Hagar the Hag?

I gotta wonder if Hagar was ..um .. hard on the eyes? Like Leah.

This skit is probably not appropriate for your youth group.

Sarah: “Snap! I need an heir. I need an heir NOW!! Sally – I’m not getting any younger!! What am I going to do??”

Sally: “Eschol’s got a sale on mandrakes. Have you tried…”

Sarah: “Yeah, I’ve tried them. No dice. And they give me gas something fierce.”

Sally: “I heard Aner’s wife say that the ladies up in Huran will actually give their handmaidens to their husbands and adopt the kids that come from that ..err.. union.”

Sarah: “What the!!?? I do NOT think so!”

Sally: “No, seriously! All the fashionable ladies are doing it.”

Sarah: “That’s just too weird for me. I’ll ask the handmaidens and see if anyone wants to volunteer.”

Sally: “Ewww – don’t do that. What is everyone going to think of some handmaiden volunteering to lie with your husband? The nerve of some young gal, thinking she can climb into her master’s bed! Do something different. Oh, I know – hold a beauty pageant.!”

Sarah: “And who’s going to be the judge? Abraham – staring at all these ladies? I don’t think so!”

Sally: “No, silly! You be the judge. Or you and I. I can cancel bingo next Friday night.”

Sarah: “No! Besides – what if Abe falls in love with her? I can’t risk that!”

Sally: “I’m just sayin’. It’s what I would do.”

Sarah: “We need a woman he’ll WANT to forget about. Someone who’s hard on the eyes. OOOooooo! Waitasec..”

Sarah and Sally, excitedly, in unison: “HAGAR!!!”

The next day…

Matthias Stom - Sarah Leading Hagar to Abraham

Matthias Stom – Sarah Leading Hagar to Abraham

Sarah: “Hon – I think we need to change things up a bit around here. ”

Abe: “What’s on your mind, sis? ..I mean, babe?”

Sarah: “Well – I’m good lookin’ and all, but I’m not exactly a spring chicken, y’know. I think my childbirthing years are probably behind me now.”

Abe: “Uhhh…. ok. (am I supposed to answer that?)”

Sarah: “And we still need an heir. You tried that whole adoption thing with Eleazar, and that didn’t go over too well. It’s been about 10 years now, and I’m just not seeing any kids on the horizon. So I have this idea. Sally heard about it from some of the ladies at the Mittani shopping mall. I’ll give you one of my hand maidens, and then you’ll .. y’now.. and then when the baby comes out, I’ll adopt him as my own and .. presto!”

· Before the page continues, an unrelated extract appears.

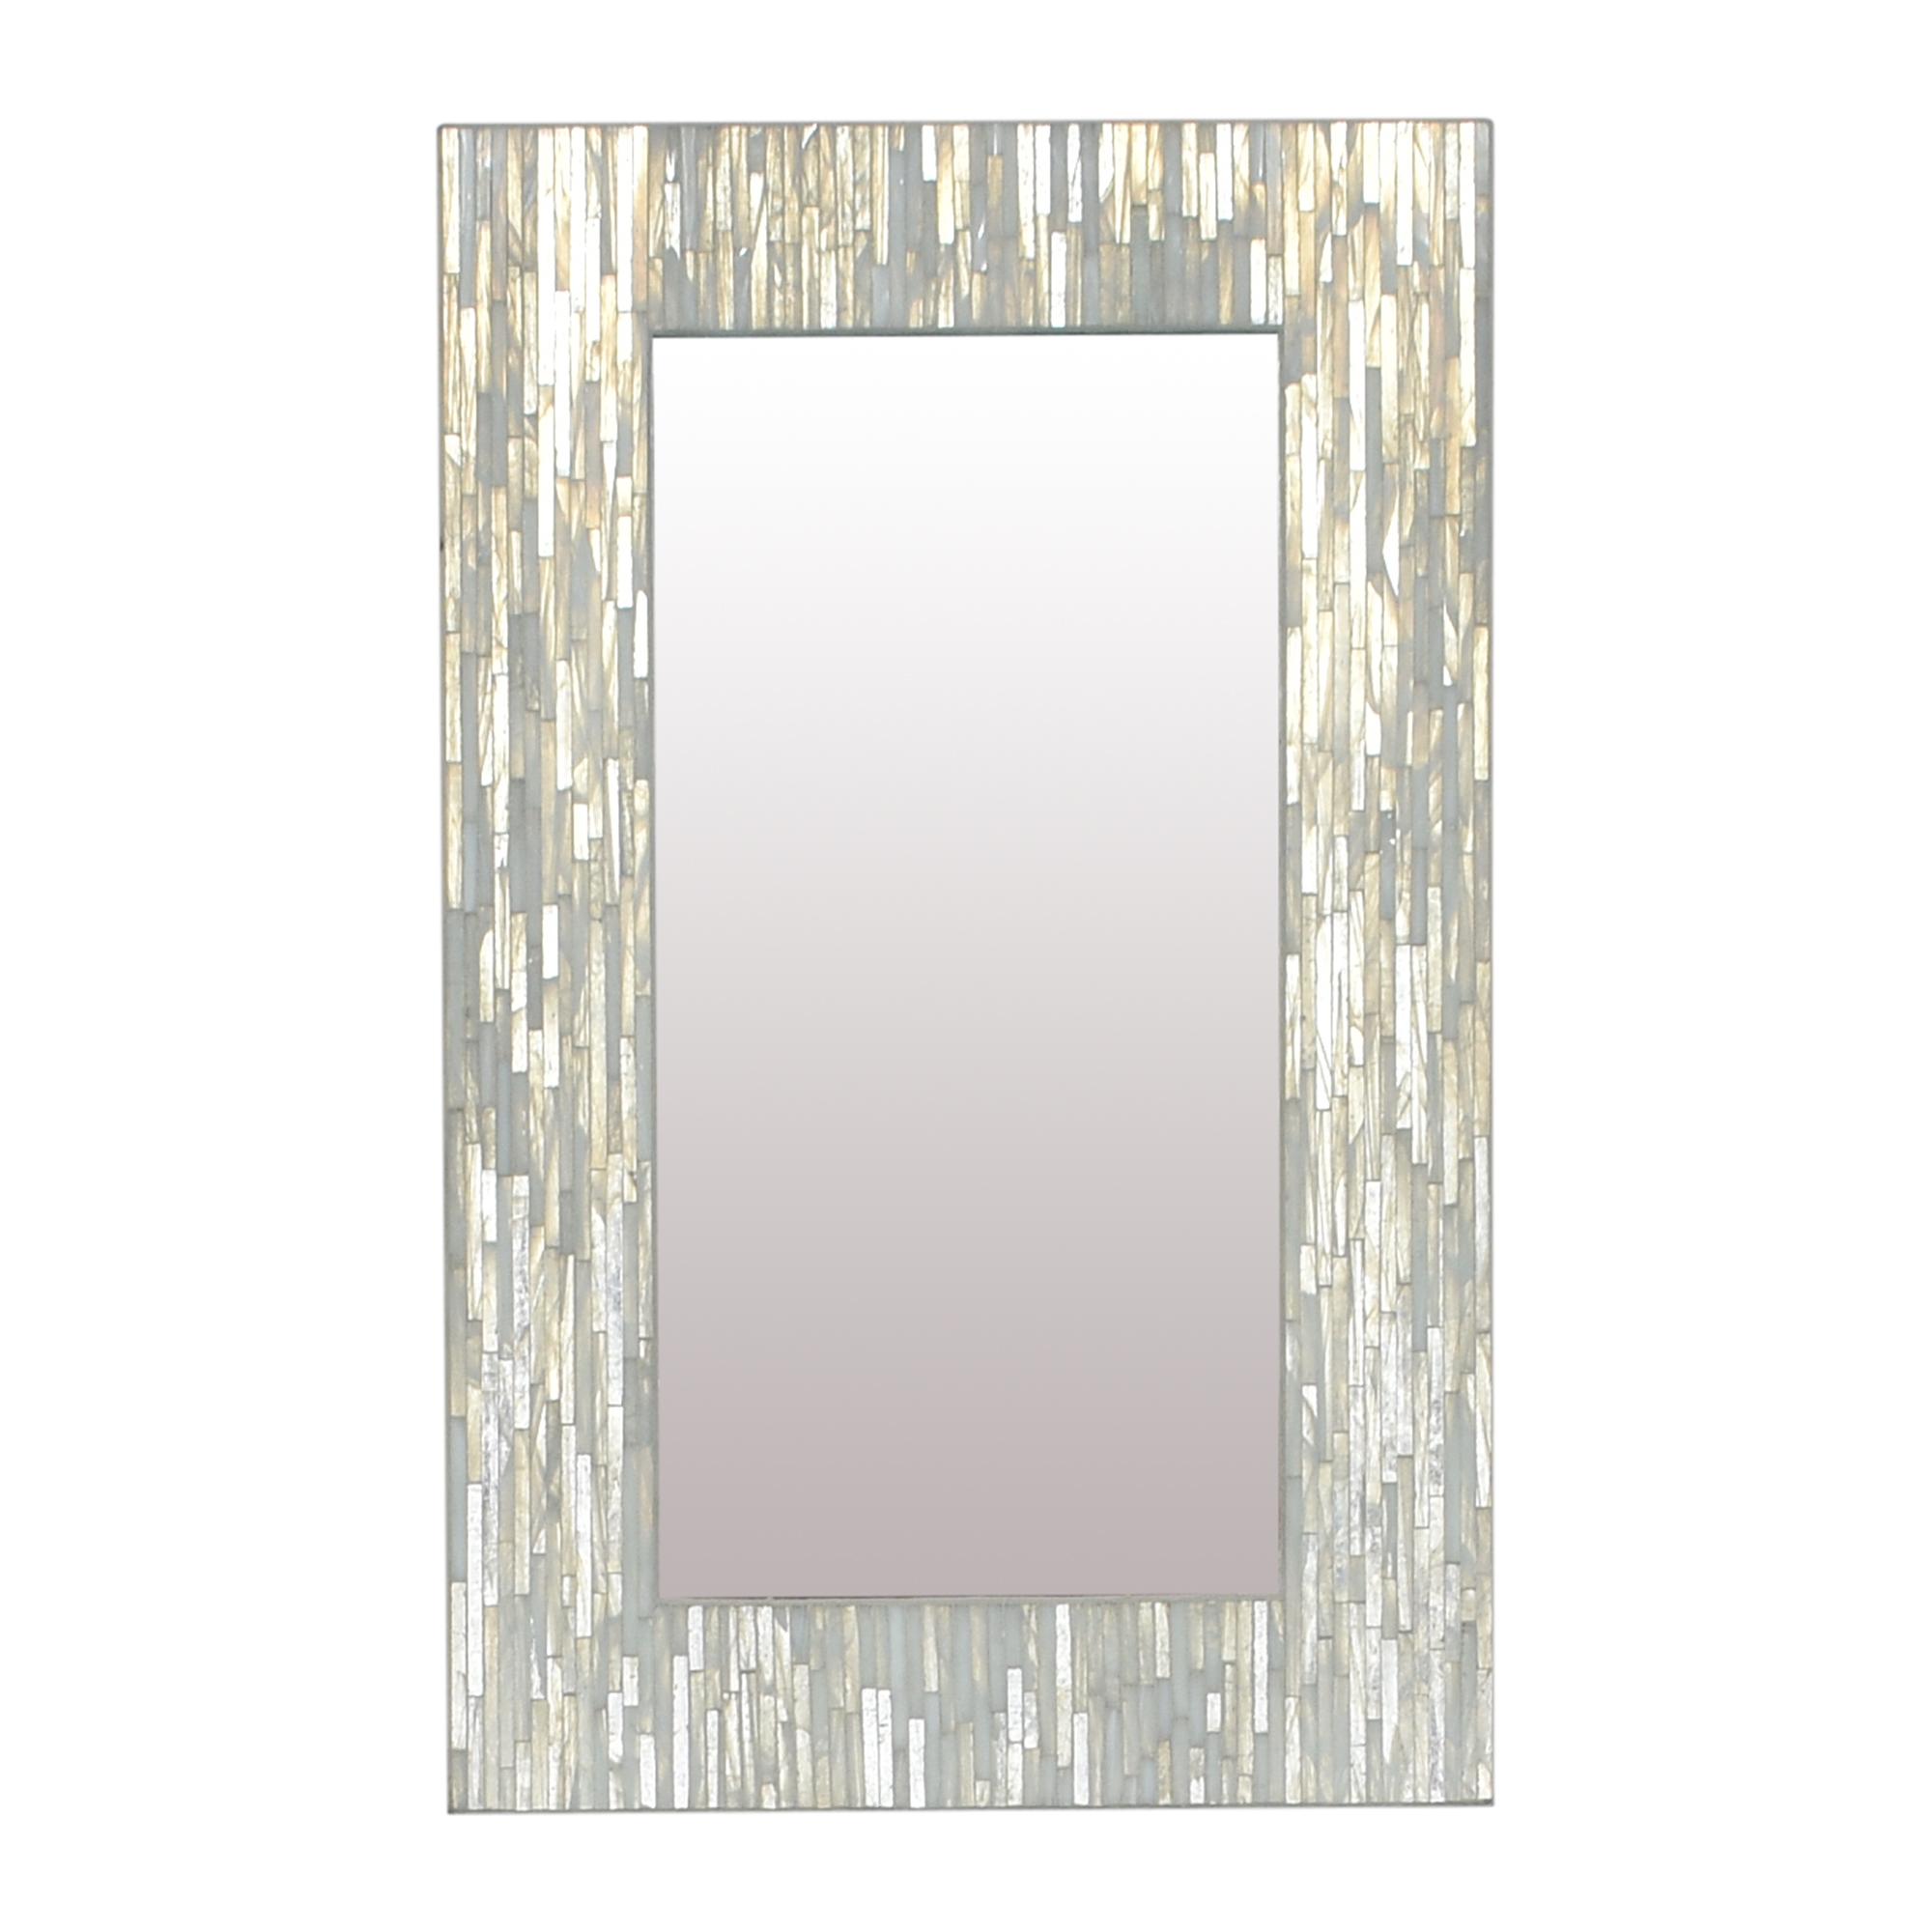 Lillian August Lillian August Mosaic Mirror pa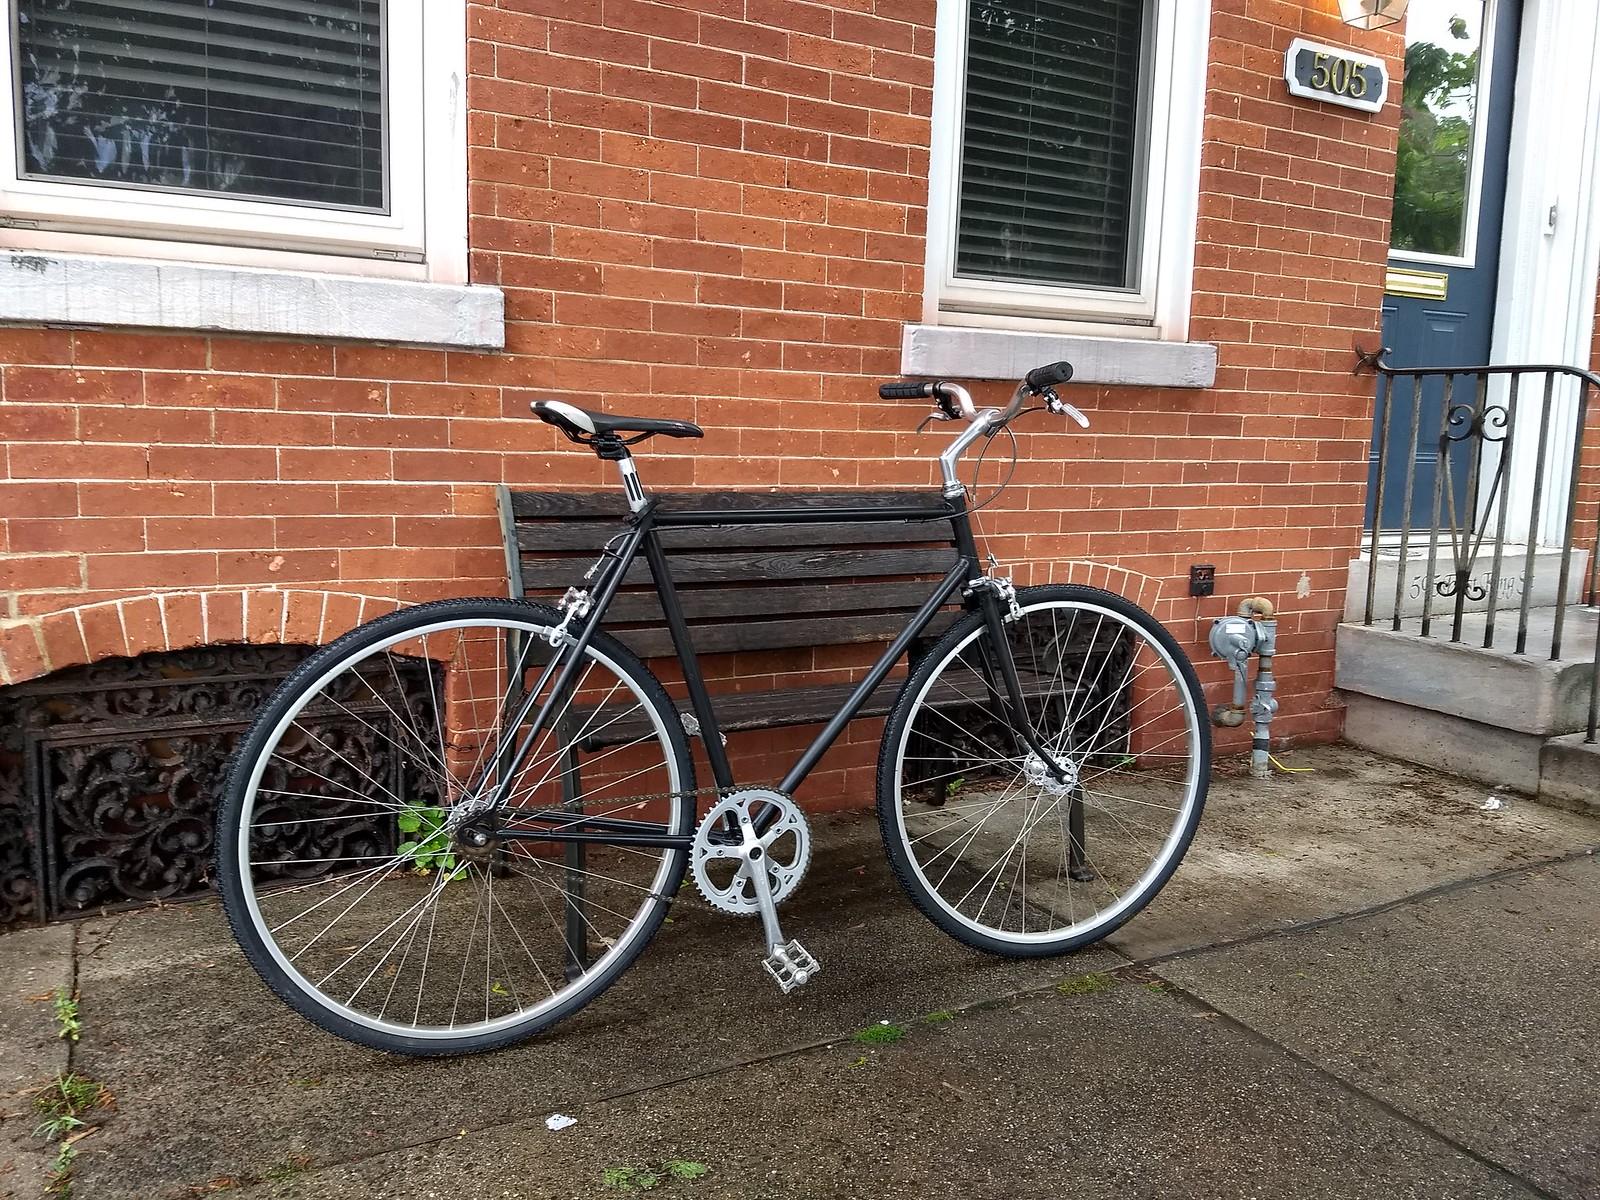 Reversed Chop & Flop Handlebar - Page 8 - Bike Forums

Abe: “I .. I don’t know about this.”

Sarah: “No, seriously. All the fashionable ladies are doing it.”

Abe: “Well.. I guess.”

Sarah: “Awesome. HAGAR! C’mere…”

Abe: “YIKES!!! Ummm.. it’s almost time to eat dinner. Sorry, but I don’t have the time.”

Sarah: “Actually, you have exactly ten minutes. No more! See ya soon, sweetie!”

It’s all speculation, of course, but .. man! That’d have been a weird conversation.